In this paper, a novel fusion method was proposed to aggregate appearance and motion features and then combine mean and max spatial pooling (MMSP) with max mean temporal pyramid (TPMM) pooling to compose the final video descriptor. We targeted egocentric videos that involve activities of daily living. In such activities, the manipulation of objects is an important cue. The feature representation is designed to capture generic visual patterns that represent the fine-grained object parts and the spatial arrangement of these parts in the image. To extract motion, the technique of converting an optical flow field into an image representation is used. The pre-trained CNN (VGG16) is utilized to extract visual features for both video frames and optical flow images. The spatial and temporal redundancies of visual contents in the egocentric video are exploited by using mean and max spatial pooling (MMSP) for the frame features and max mean temporal pyramid (TPMM) pooling for the video clip. The proposed video descriptor MMSP–TPMM is evaluated in several experiments on three public benchmark datasets. Additionally, comparisons with alternative feature configurations and handcrafted feature methods are made. All the results show improvement in activity classification performance when the proposed solution is used. The fusion of frame appearance and motion features also shows classification performance enhancement, even though the egocentric video is unstable.

Although the proposed method for video features works well when compared to competing methods, there are several limitations. Firstly, the max pooling method will only take the maximum value of the feature over a fixed spatial region. If there are multiple features that are highly activated, only the feature with the maximum value will be taken. This will ignore contributions from other features. For the case of mean pooling, the average value of the feature is influenced by non-important background objects. This will reduce the discrimination strength of the feature. The pooling region is fixed at various spatial regions for the frame feature, and only three different fixed temporal regions are used. A more adaptive temporal pooling scheme may yield a higher discriminative video descriptor.
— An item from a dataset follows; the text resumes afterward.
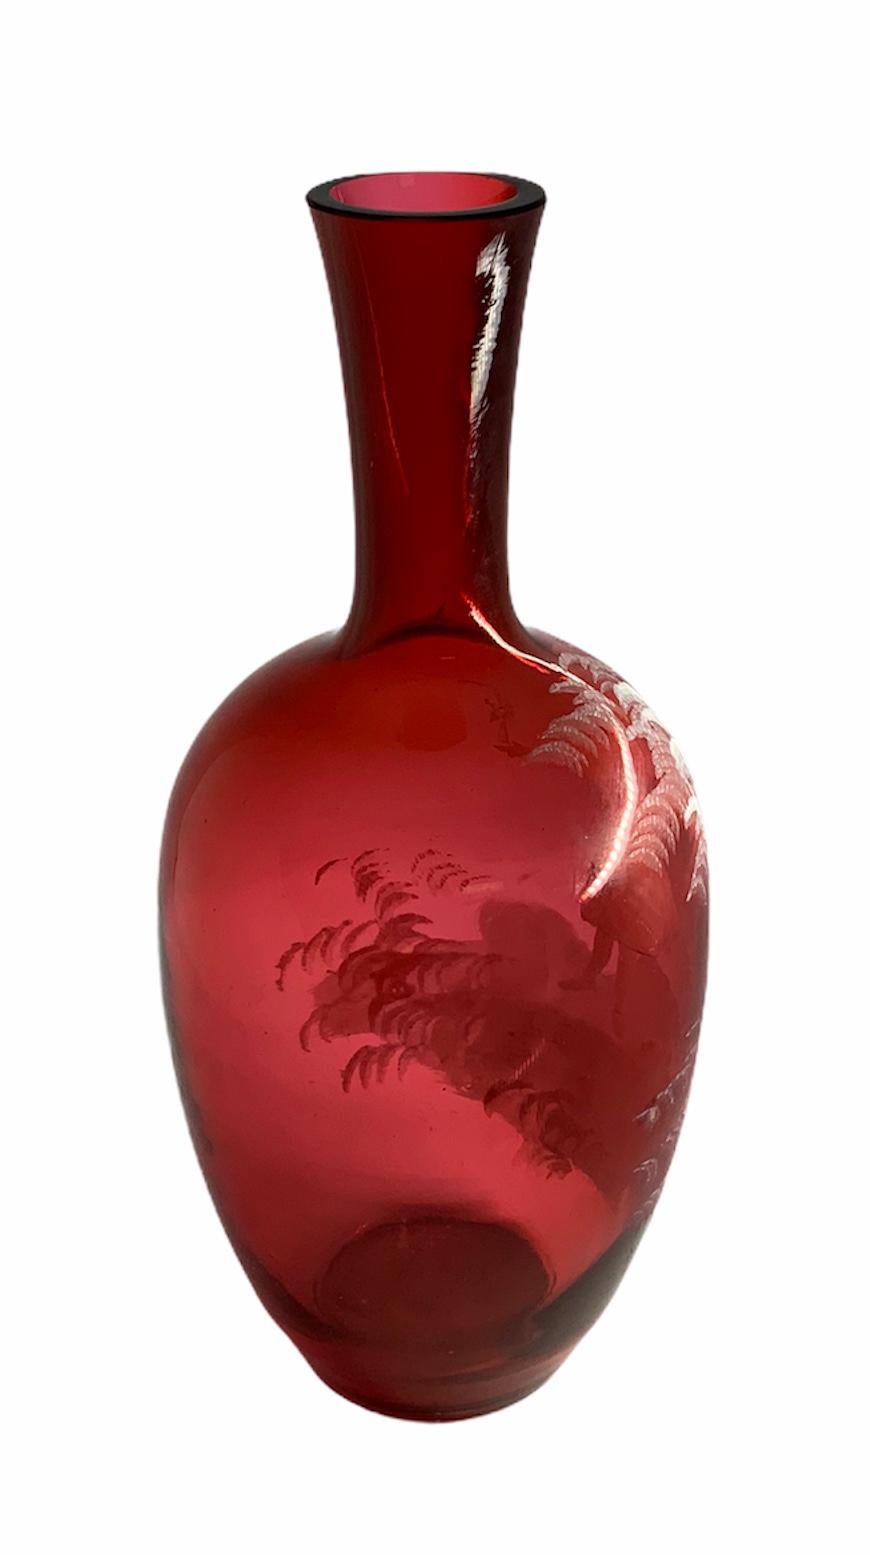 Dies ist ein rotes Glas von Mary Gregory, das eine weiße Emailmalerei eines Mädchens zeigt, das im Wald Stöcke und Äste sammelt.

Given the efficiency of the proposed method, the current limitation is that the model should run on a powerful machine with a large RAM size to consider the model’s parameters and with GPU to obtain high-speed inference. In other words, the current method in its current status cannot run on an embedding system such as a Smartphone with limited RAM and a small processing unit. For future work, we propose replicating the same approach with more computationally efficient CNNs, such as MobileNet or EfficientNetB0, to balance accuracy and inference speed so that we can run the proposed method on an edge-computing IOT for real use of ADL system. Furthermore, we plan to improve the performance of the solution by training a recent pre-trained vision transformer to evaluate their abilities to focus more attention on the targeted objects.

Additionally, employing the proposed method in other real-life applications, such as medical image analysis, can contribute to improving the analysis performance by enhancing the detection of lung cancer tumors in CT scan imaging, considering the motion that needs to be estimated and corrected [40].

Author Contributions

Conceptualization by M.H.L.; Data Curation by M.H.L.; Formal Analysis by M.H.L.; Funding Acquisition by H.A.K.; Investigation by M.H.L. and N.A.; Methodology by M.H.L.; Project Administration by H.A.K.; Software by M.H.L.; Validation by M.H.L.; Visualization by M.H.L.; Writing—Original Draft Preparation by M.H.L. and N.A.; Writing—Review and Editing by M.H.L., N.A. and H.A.K. All authors have read and agreed to the published version of the manuscript.

Funding

This work is supported by the Ministry of Higher Education of Malaysia under the MyBrain15 (MyPhd) program and Multimedia University internal funding [Grant no: MMUI/210067].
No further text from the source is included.